Abstract
Background
Pro-inflammatory processes underlie ischemic stroke, albeit it is largely unknown if they selectively associate with the risk of atherothrombotic or cardioembolic ischemic stroke. Here we analyze whether pro-inflammatory interleukin (IL) 6 trans-signaling, is associated with the risk of ischemic stroke and underlying atrial fibrillation (AF).
Methods
During a 20-year follow-up, 203 incident ischemic strokes were recorded from national registers in the cohort of 60-year-old men and women from Stockholm (n = 4232).
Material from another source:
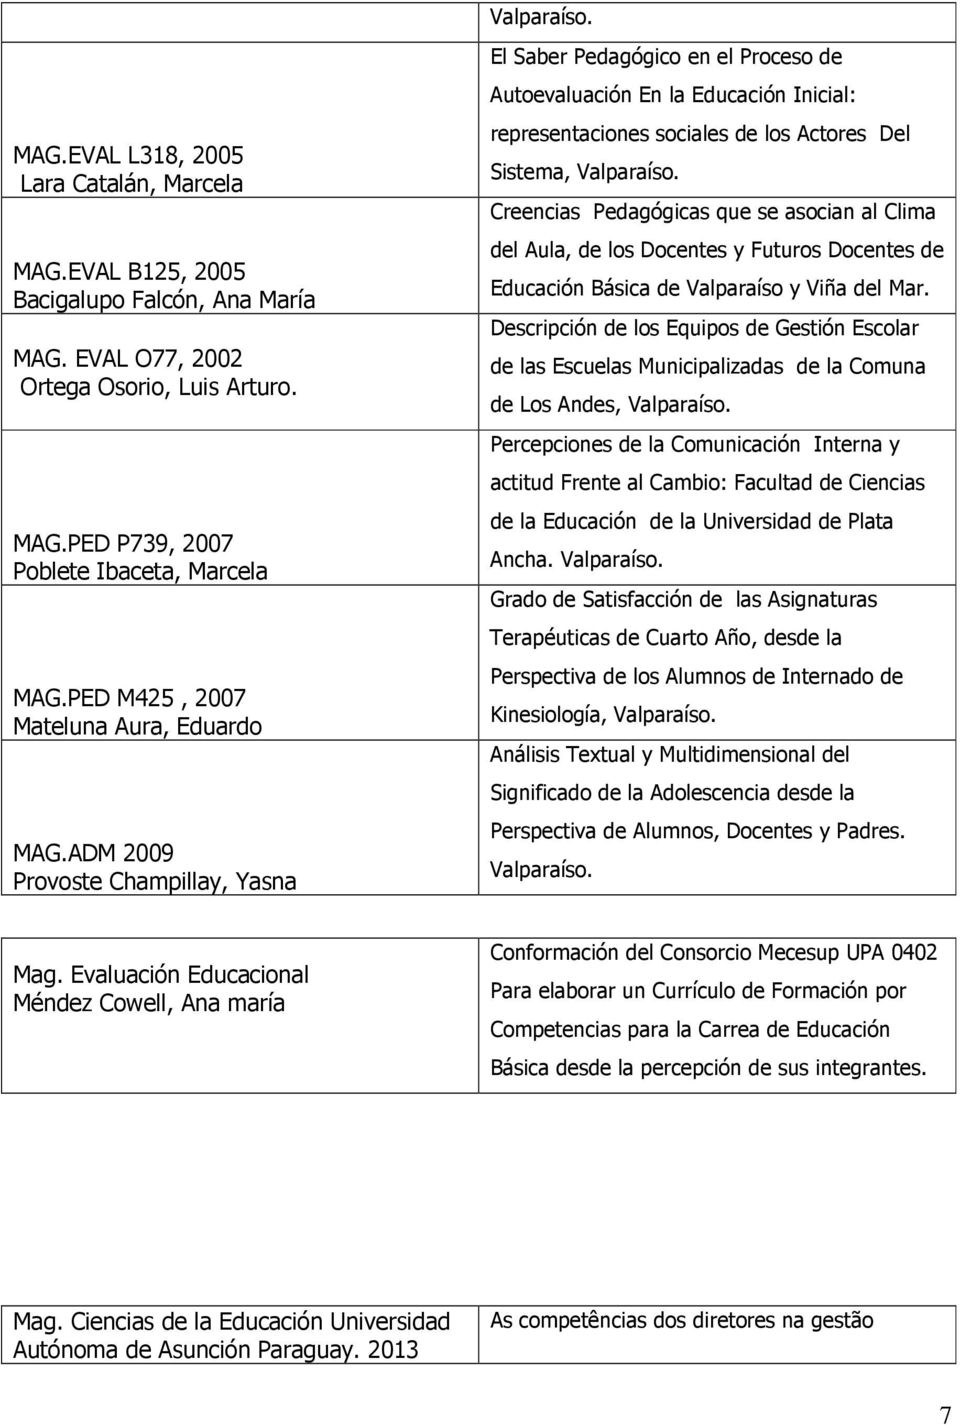 ADM 2009 Provoste Champillay, Yasna El Saber Pedagógico en el Proceso de Autoevaluación En la Educación Inicial: representaciones sociales de los Actores Del Sistema, Valparaíso.

The risk of ischemic stroke associated with circulating IL6 trans-signaling, assessed by a ratio between the pro-inflammatory binary IL6:sIL6R complex and the inactive ternary IL6:sIL6R:sgp130 complex (B/T ratio), was estimated by Cox regression and expressed as hazard ratio (HR) with a 95% confidence interval (CI) in the presence or absence of AF. Risk estimates were adjusted for cardiovascular risk factors and anticoagulant treatment. In a secondary analysis, the association of IL6 trans-signaling with the risk of incident AF (n = 279) was analyzed.
Results
B/T ratio > median was associated with increased risk of ischemic stroke in study participants without AF (adjusted HR 1.49; 95% CI 1.08–2.06), while an association could not be demonstrated in the presence of AF. Moreover, the B/T ratio was not associated with the risk of AF (HR 0.96; 95% CI 0.75–1.24).
Conclusions
Pro-inflammatory IL6 trans-signaling, estimated by the B/T ratio, is associated with ischemic stroke in individuals without AF. These findings suggest that the B/T ratio could be used to assess the risk of non-AF associated ischemic stroke.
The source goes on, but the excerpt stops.